APRIL 19, 2022. What if the surgeon from whom you were about to receive care chose the anesthesia provider for your surgery not based on quality or value, but because the surgeon and anesthesia provider are in a financial arrangement that benefits them—and not you? A whistleblower reported just that situation in Georgia. The United States Department of Justice recently settled a case against the owners of an anesthesia services company and 18 related entities for an unlawful kickback arrangement with surgery centers, as well as submitting false claims to federal and state healthcare programs. Under the terms of the settlement, the anesthesia services companies will pay $7.2 million. The whistleblower was a C-suite executive of the company, Care Plus Management LLC (Care Plus), and they will receive $3.1 million of the government’s recovery.

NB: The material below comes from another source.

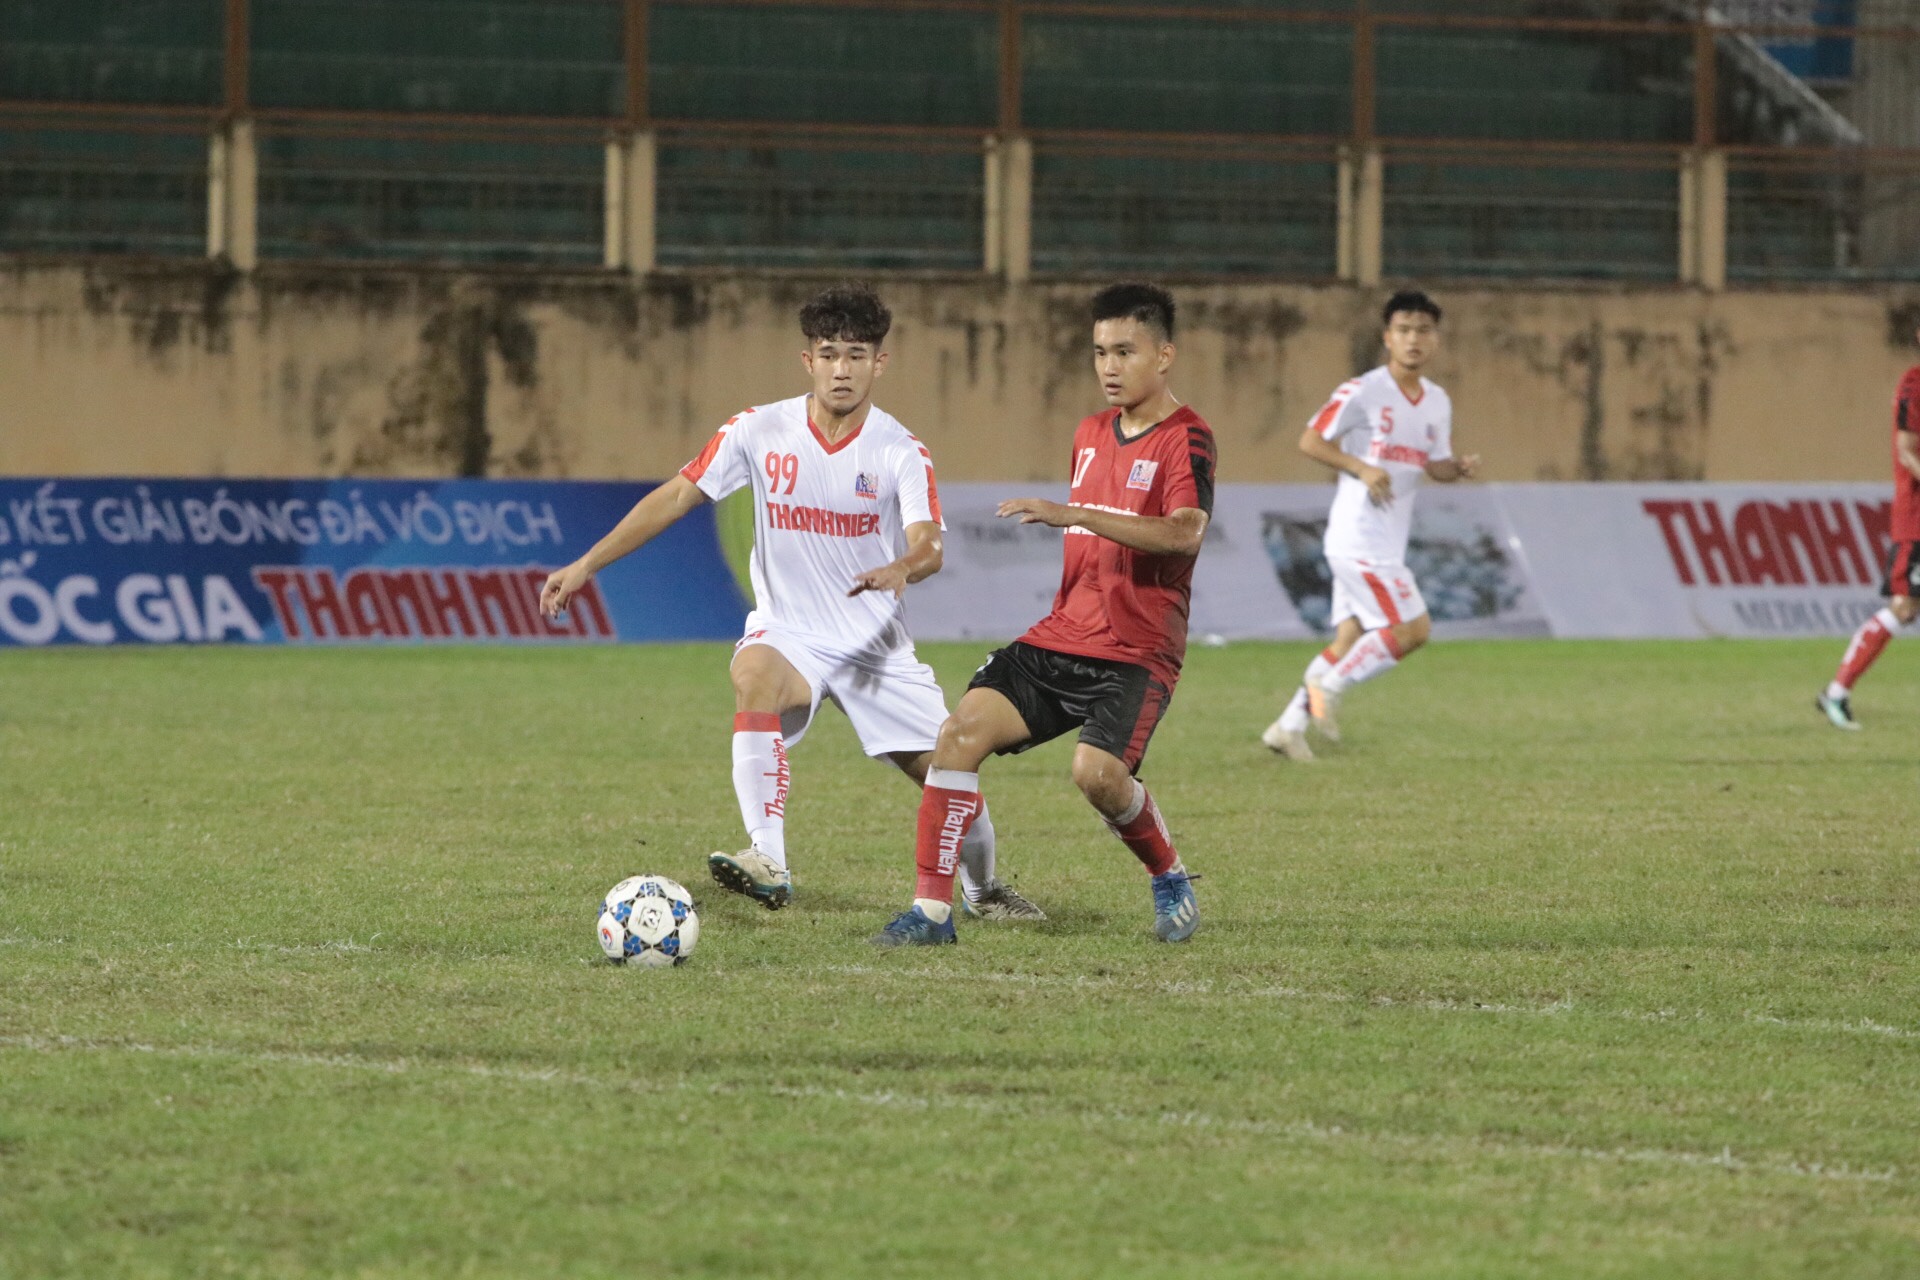 Nguyễn Khánh khai hỏa, U21 Long An vẫn không có điểm trước Viettel - Bóng Đá

According to the allegations, the fraud scheme involved a symbiotic—or parasitic—relationship between Care Plus and outpatient surgery centers in Georgia, Florida, Texas, Alabama, and South Carolina. Care Plus approached surgeon/owners of ambulatory surgery centers (ASCs), particularly in gastroenterology, podiatry, and vascular surgery specialties. The anesthesia service provider paid kickbacks to surgeons for choosing Care Plus’ and affiliates’ services through revenue sharing for patient referrals and also by paying the surgeons subsidies for anesthesia drugs and supplies. Anesthesia services companies financially benefit from a steady revenue stream when they engage in partnerships with ASCs, and these kickback arrangements are how CarePlus secured exclusive contracts with a number of ASCs. Physician-owners already profit when they refer patients to outpatient surgery centers that they own, because the providers then share in the facility fee charged to the patient. According to the complaint, Care Plus entered into “sham joint ventures” with physicians, whereby Care Plus concealed kickbacks as “profits” of these ventures.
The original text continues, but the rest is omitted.